■ Material for the task
*****

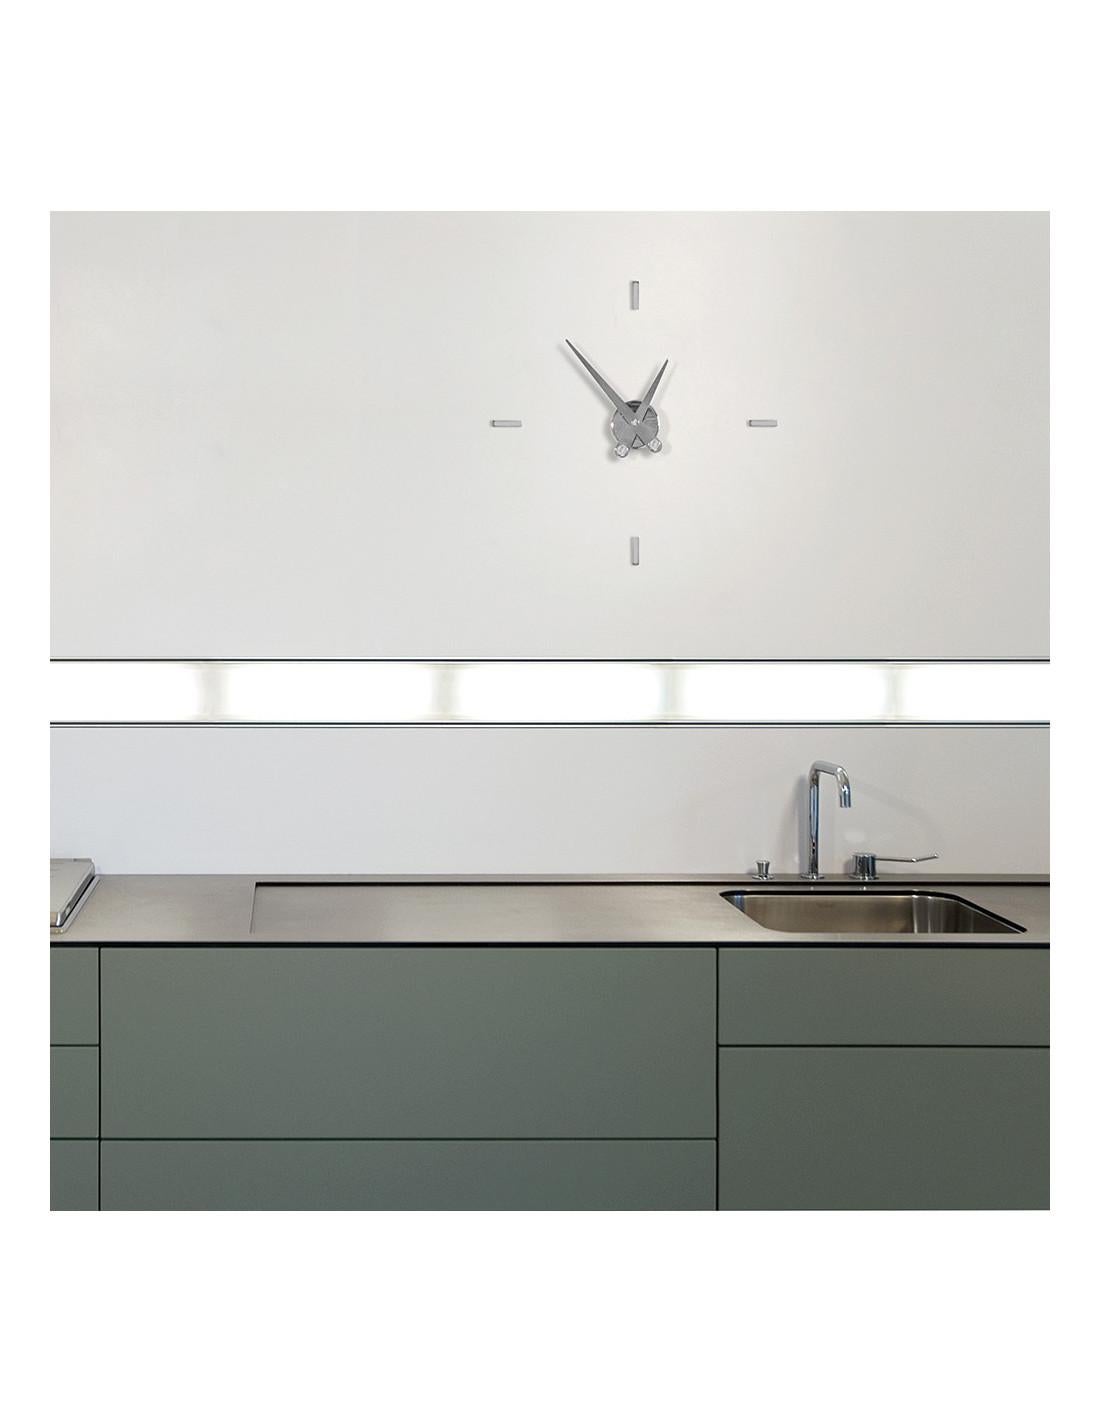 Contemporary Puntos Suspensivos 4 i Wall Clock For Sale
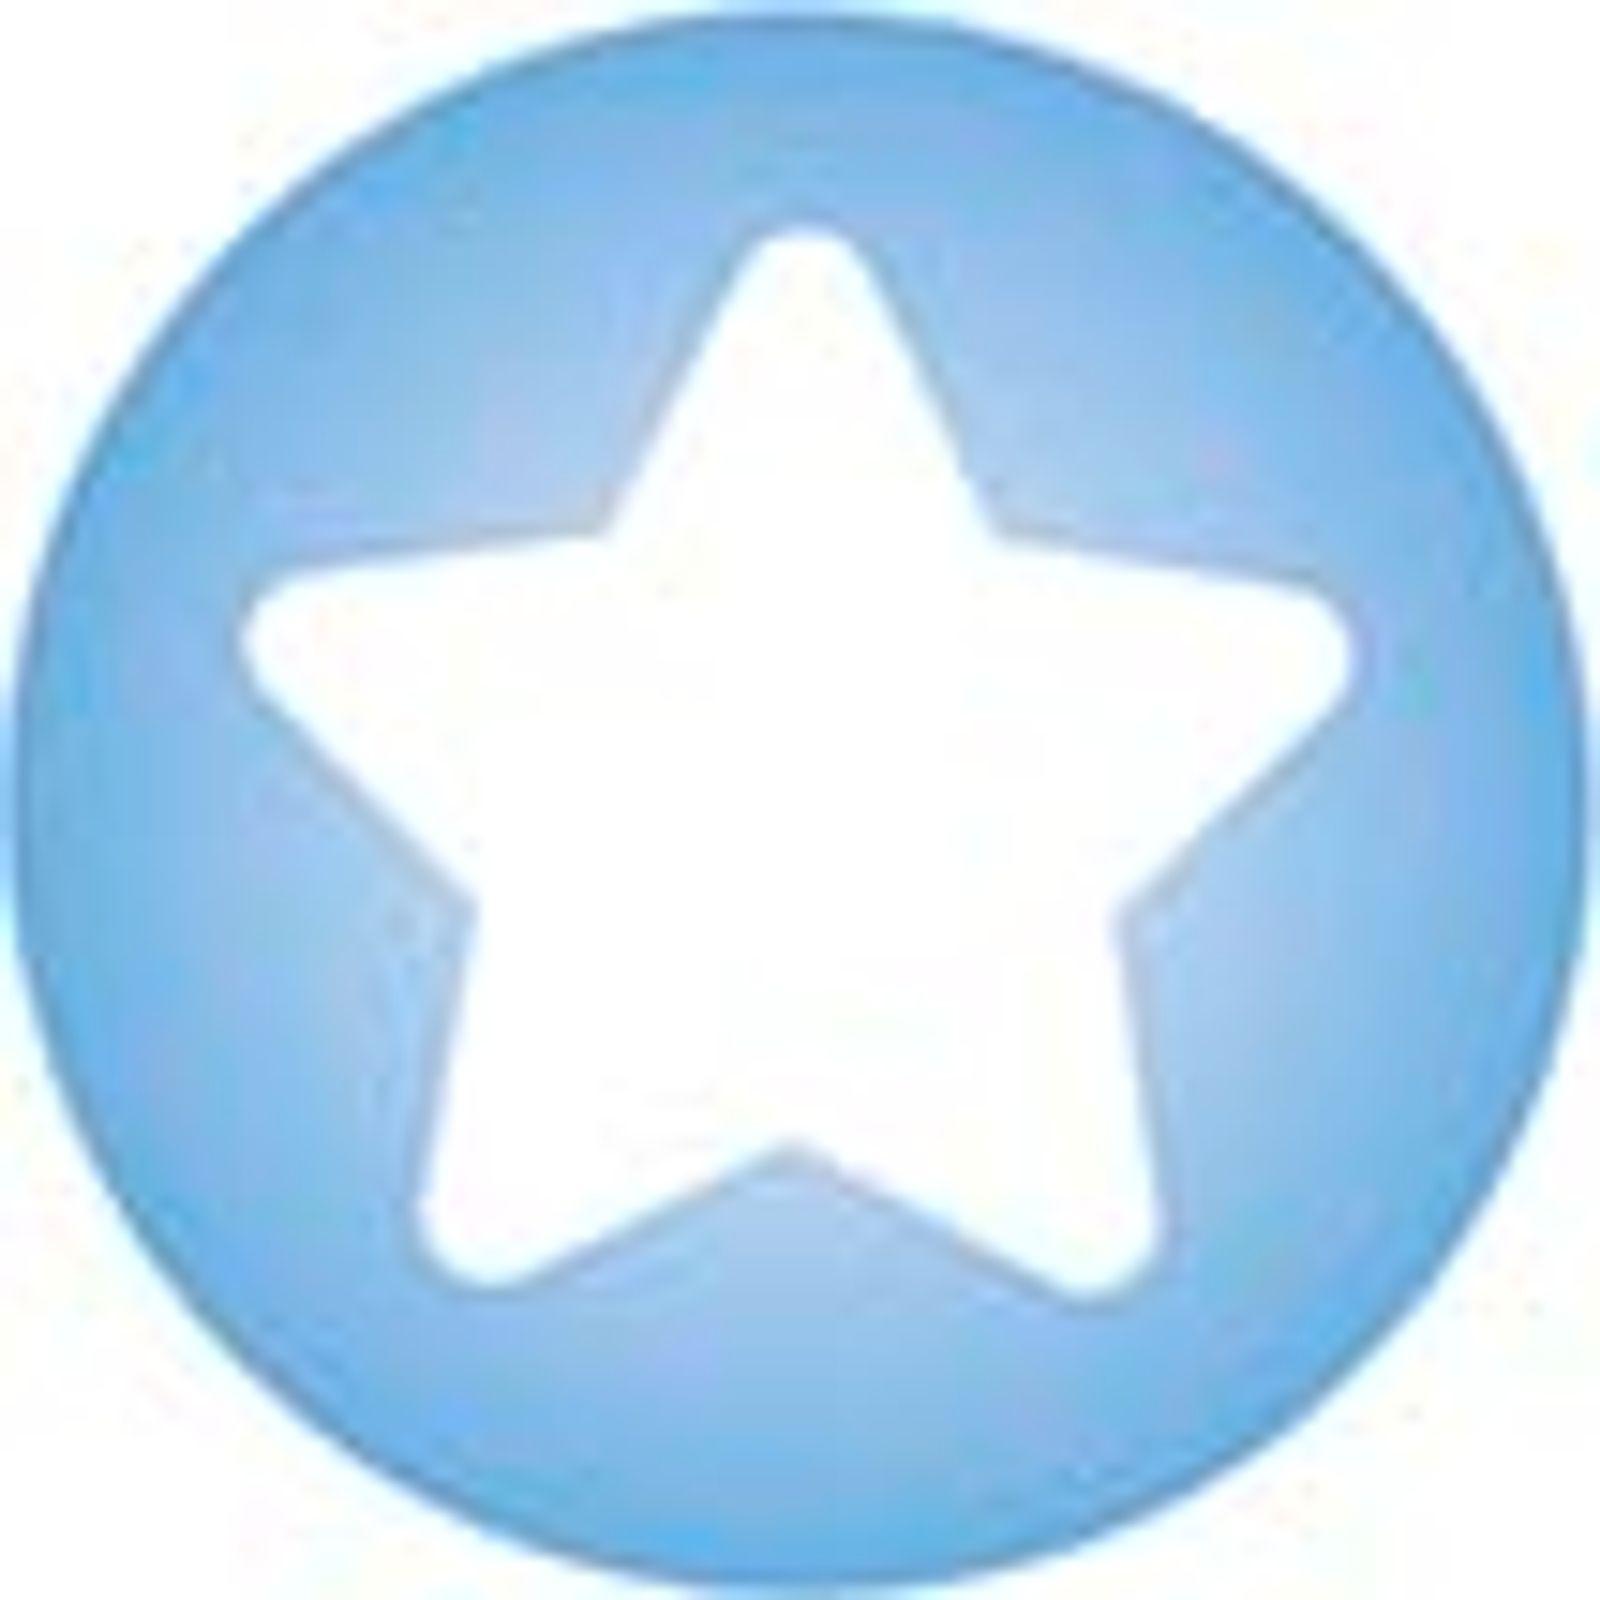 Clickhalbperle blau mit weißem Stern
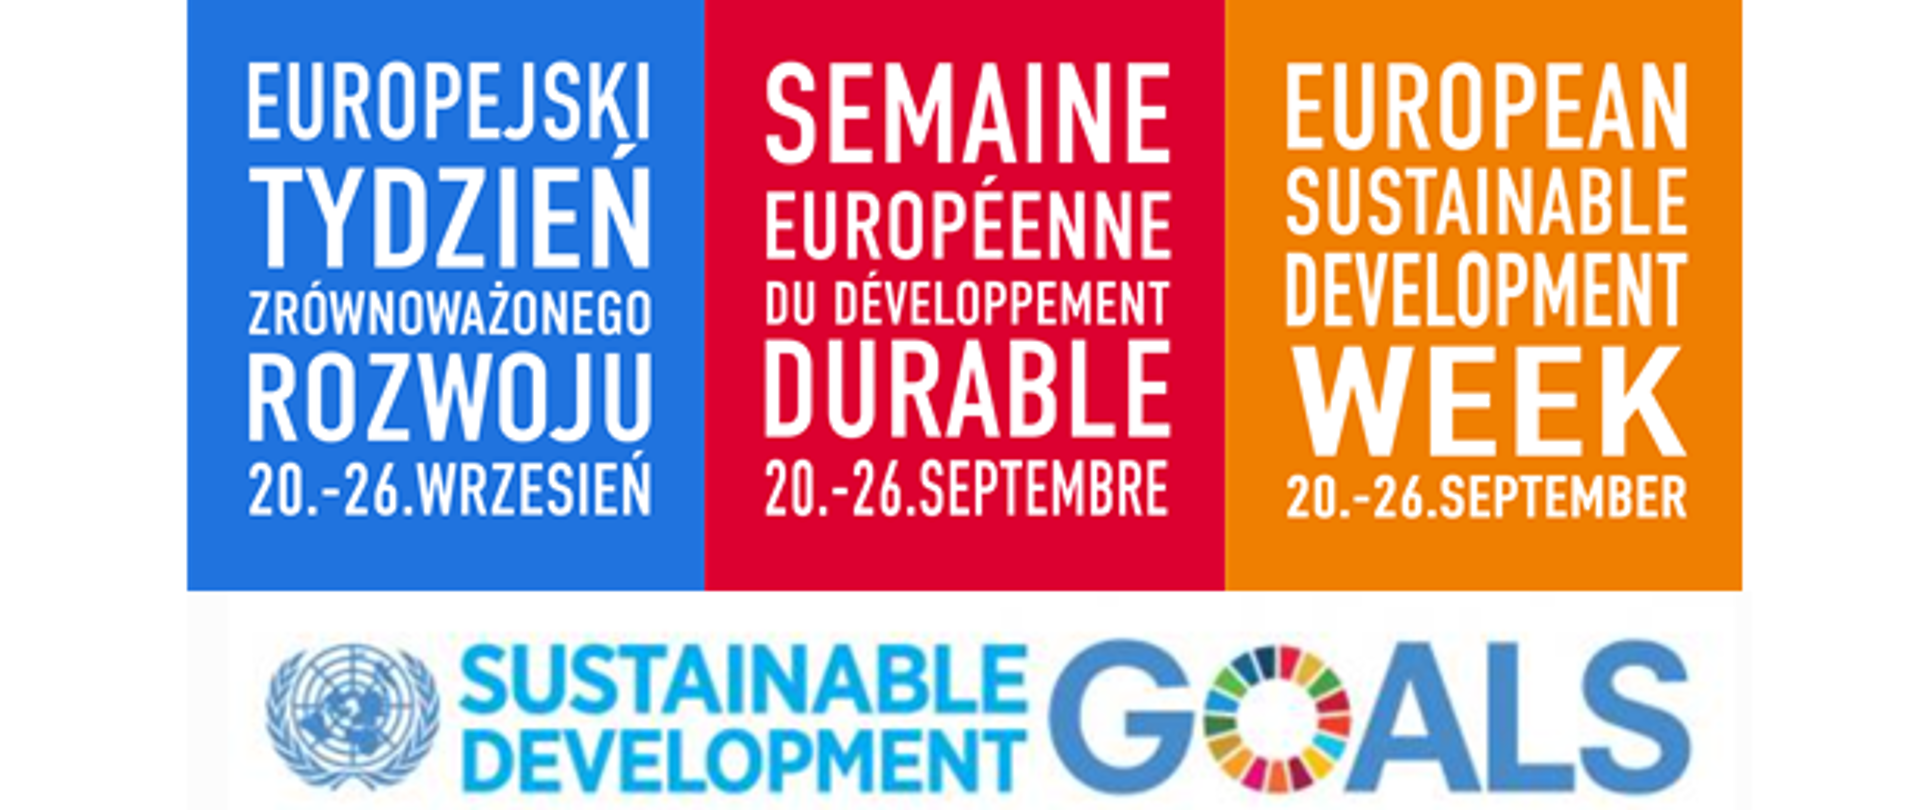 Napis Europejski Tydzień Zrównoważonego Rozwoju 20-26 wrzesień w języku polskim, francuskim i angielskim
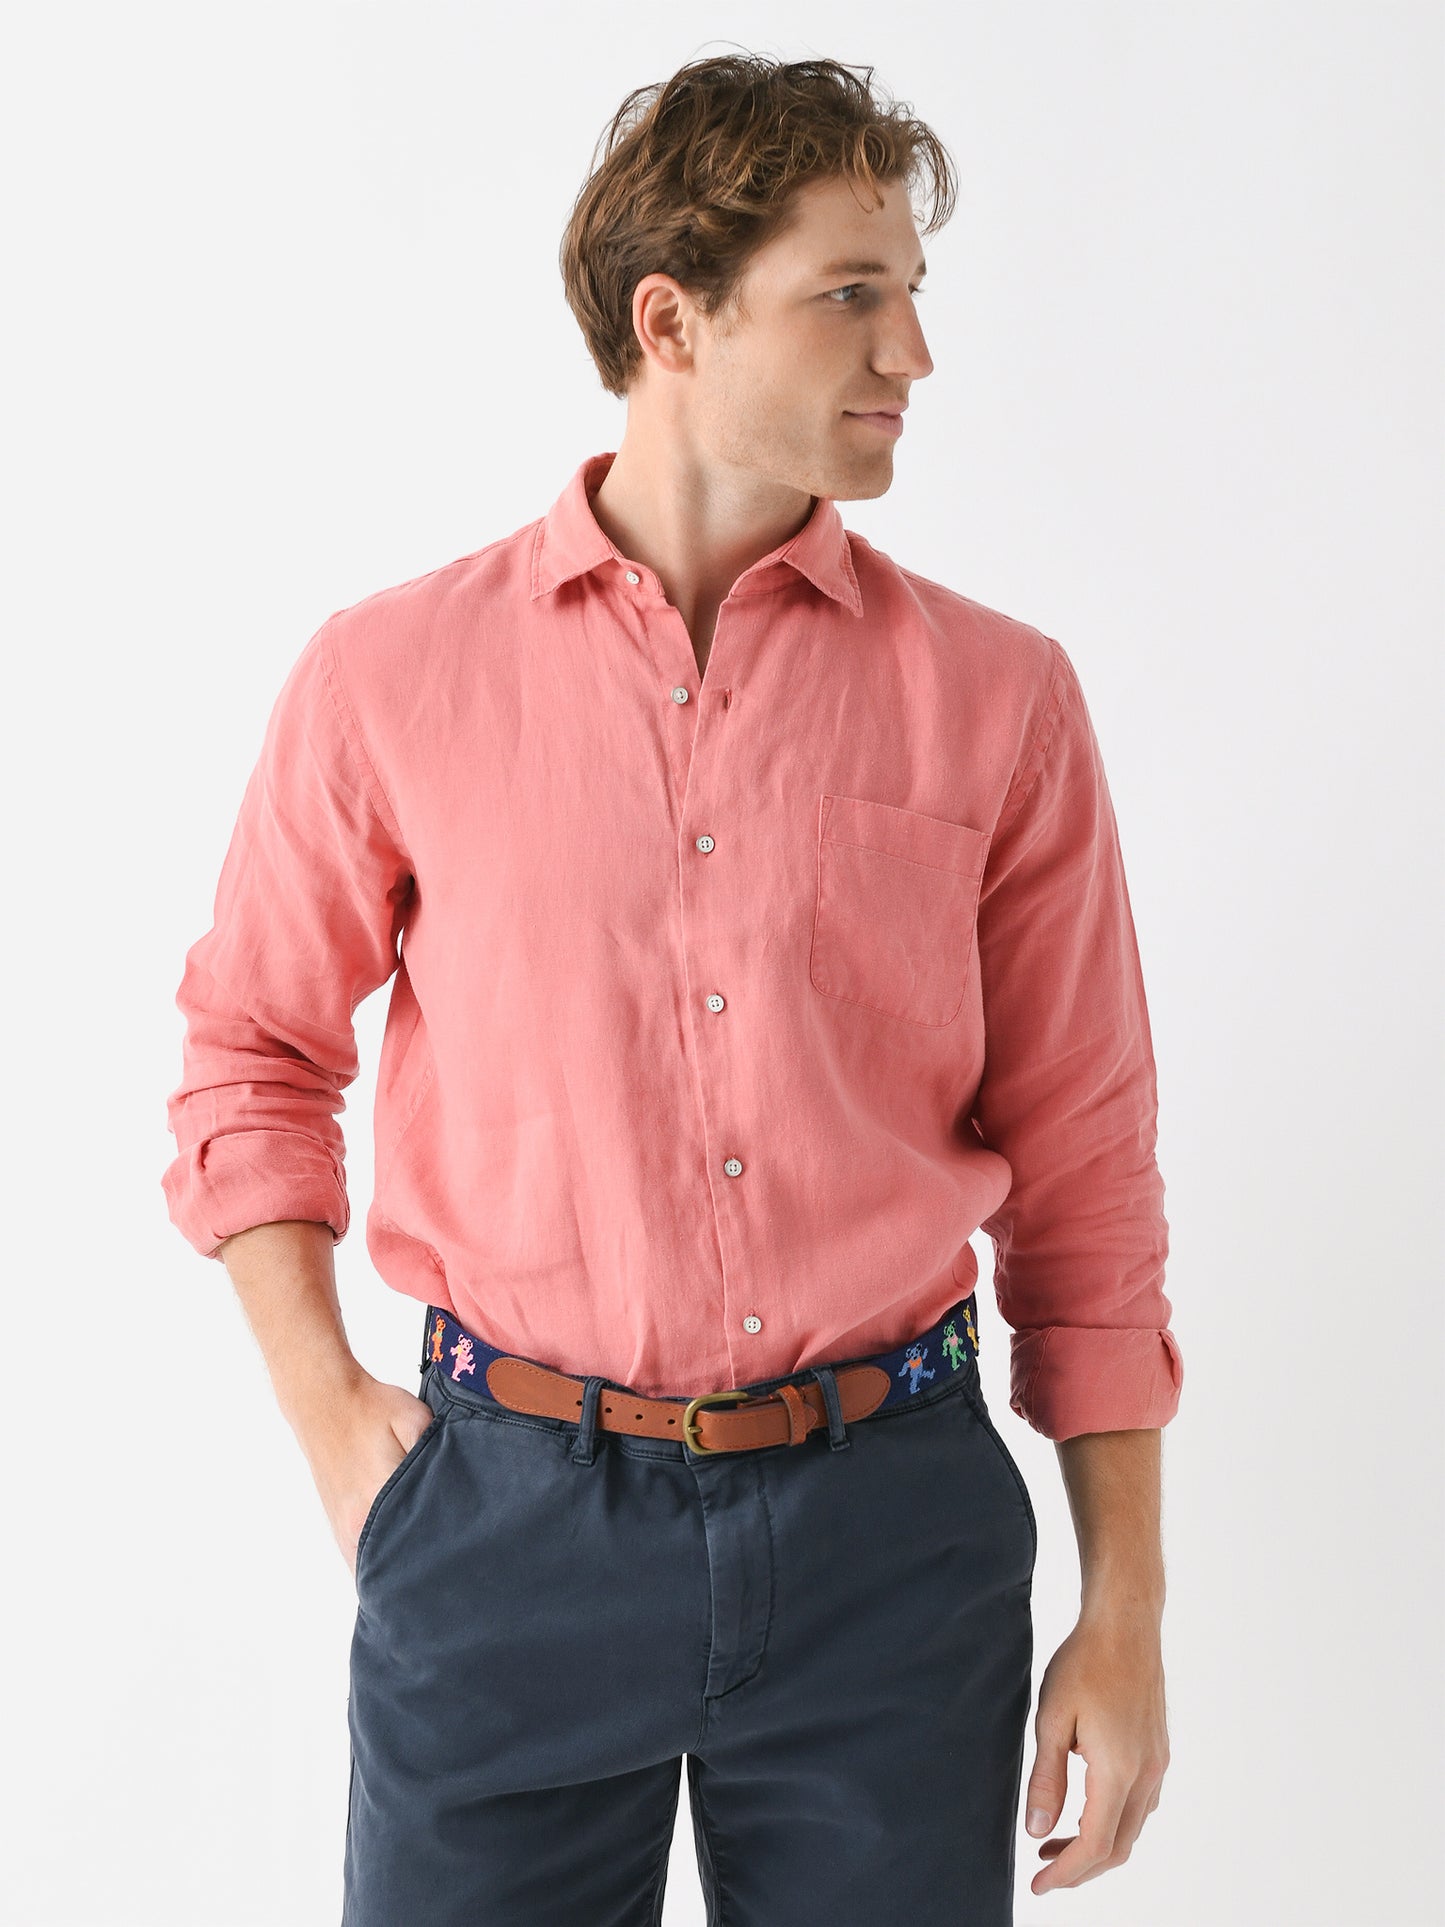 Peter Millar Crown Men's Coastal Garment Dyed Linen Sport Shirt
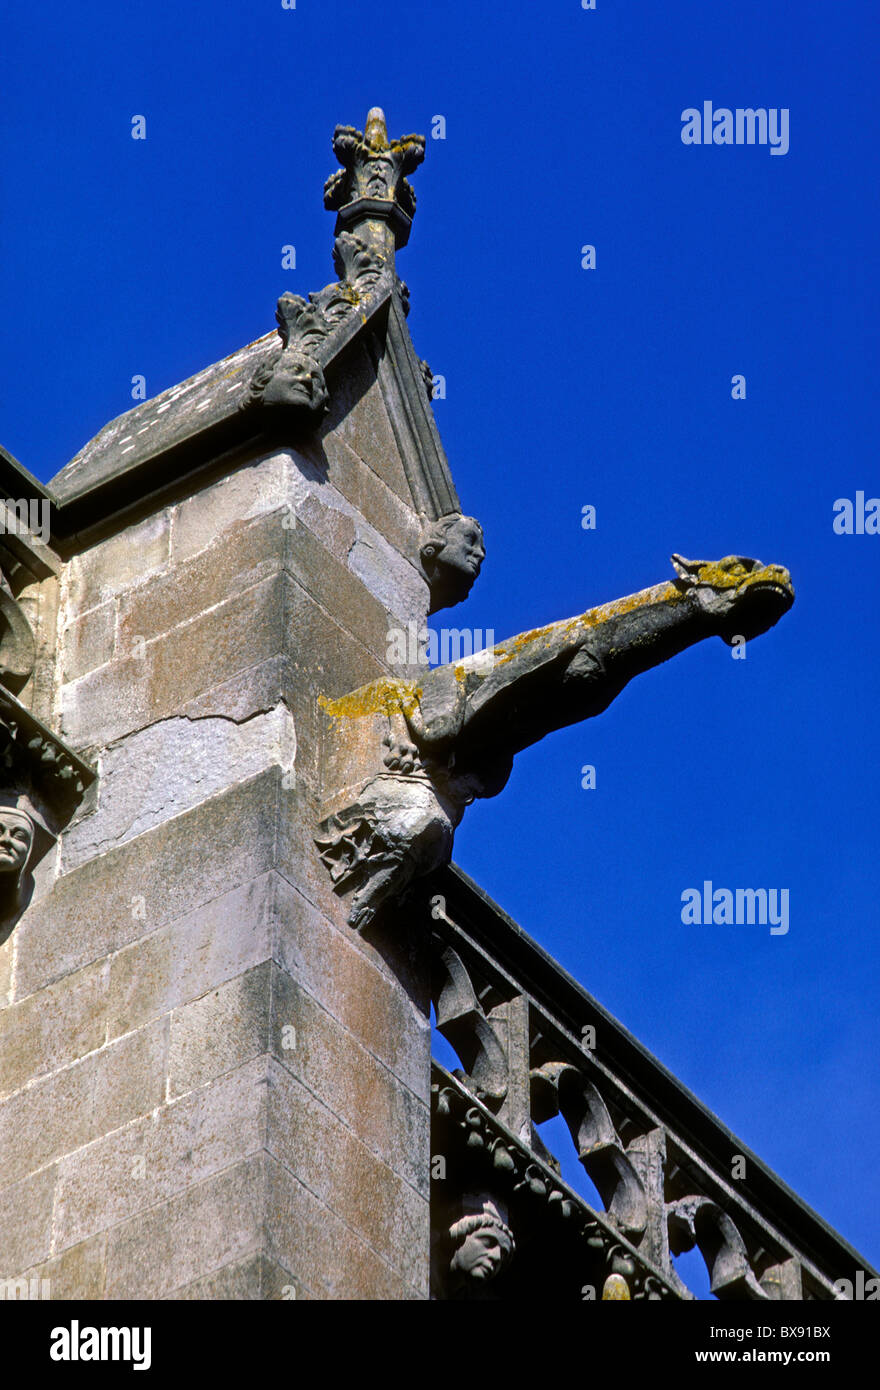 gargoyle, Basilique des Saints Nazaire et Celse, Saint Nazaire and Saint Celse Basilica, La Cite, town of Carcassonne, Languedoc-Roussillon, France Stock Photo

*****

■ What you need to do
Set the pictures aside and transcribe the data above exactly.

■ Result of the exercise
 Contemporary Puntos Suspensivos 4 i Wall Clock For Sale
 Clickhalbperle blau mit weißem Stern
 Napis Europejski Tydzień Zrównoważonego Rozwoju 20-26 wrzesień w języku polskim, francuskim i angielskim
 Peter Millar Crown Men's Coastal Garment Dyed Linen Sport Shirt
 gargoyle, Basilique des Saints Nazaire et Celse, Saint Nazaire and Saint Celse Basilica, La Cite, town of Carcassonne, Languedoc-Roussillon, France Stock Photo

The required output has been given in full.